Component: General → Networking: Cache
It's a null deref on this line: mAuthProvider->CheckForSuperfluousAuth() in nsHttpChannel::ProcessResponse. Is it reasonable for mAuthProvider to be null there?
Component: Networking: Cache → Networking: HTTP
Flags: needinfo?(honzab.moz)
Thanks for the report. This means that the nsHttpChannel object is processing a secondary network request. That is not supposed to happen, nsHttpChannel is constructed to process only one request during it's lifetime, so this is a bug. I will try to reproduce.
Assignee: nobody → honzab.moz
Blocks: cache2enable
Status: UNCONFIRMED → NEW
Ever confirmed: true
Flags: needinfo?(honzab.moz)
Crash Signature: [@ mozilla::net::nsHttpChannel::ProcessResponse()]

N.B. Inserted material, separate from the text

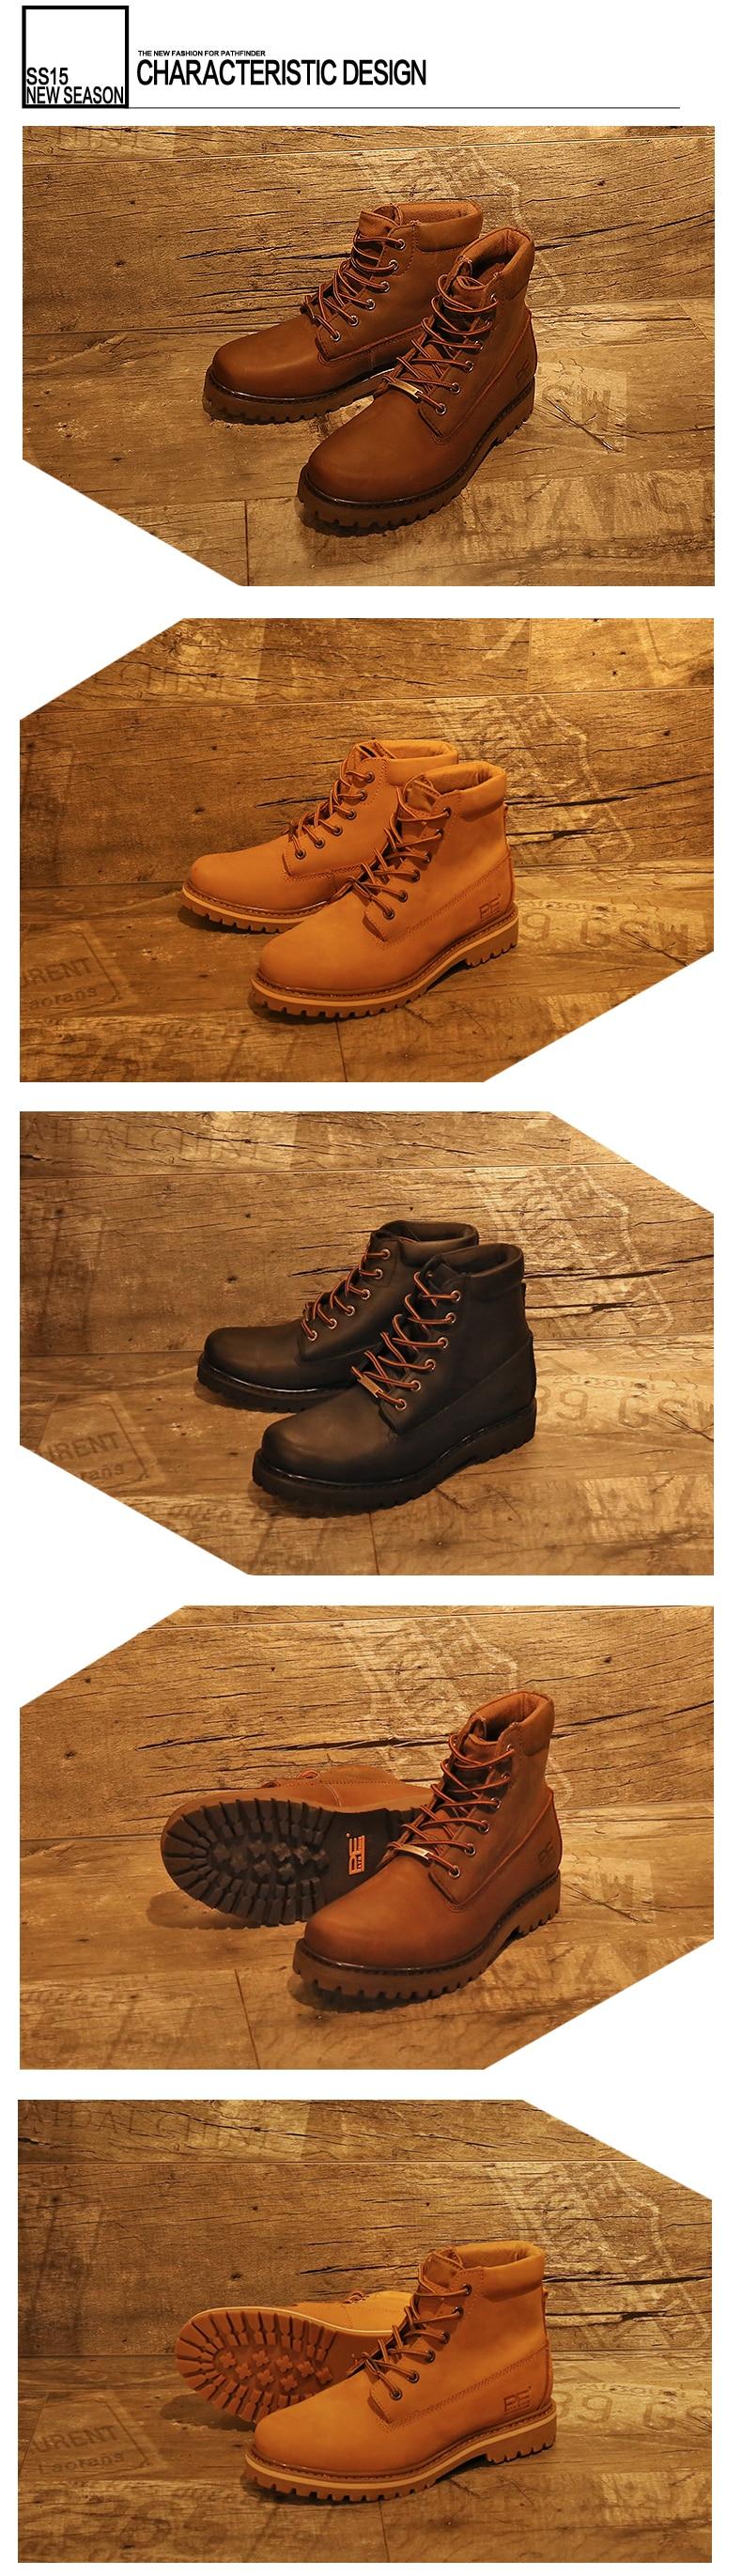 ba267cd0127a Pathfind brand new Mens En Cuir Neige Martin Outillage militaire Bottes  Hommes En Plein Air Chaussures chaudes Rétro Automne Hiver hommes bois  Bottes

Summary: crashing on opening multiple MozillaWiki pages → crash in mozilla::net::nsHttpChannel::ProcessResponse(), mAuthProvider null, on opening multiple MozillaWiki pages
Summary: crash in mozilla::net::nsHttpChannel::ProcessResponse(), mAuthProvider null, on opening multiple MozillaWiki pages → HTTP cache v2: crash in mozilla::net::nsHttpChannel::ProcessResponse(), mAuthProvider null, on opening multiple MozillaWiki pages
just hit this too. not reducible for me.
For me, if you bookmark these 4 links in one folder, and then right click->"open all in tabs" , i get this crash. ( Maybe try to reproduce with a shitty, ~120KB/s net connection ? ) https://wiki.mozilla.org/Firefox/Meeting https://wiki.mozilla.org/WeeklyUpdates https://wiki.mozilla.org/Firefox/Planning https://wiki.mozilla.org/Platform
This is currently the top volume crasher on Nightly (Fx30), It's on all platforms and occurring with x86 and amd64
OS: Windows 7 → All
Hardware: x86_64 → All
Keywords: crash, topcrash
The crash volume on here is very high. Can we either disable cachev2 or fix this crash today for tomorrow's nightly?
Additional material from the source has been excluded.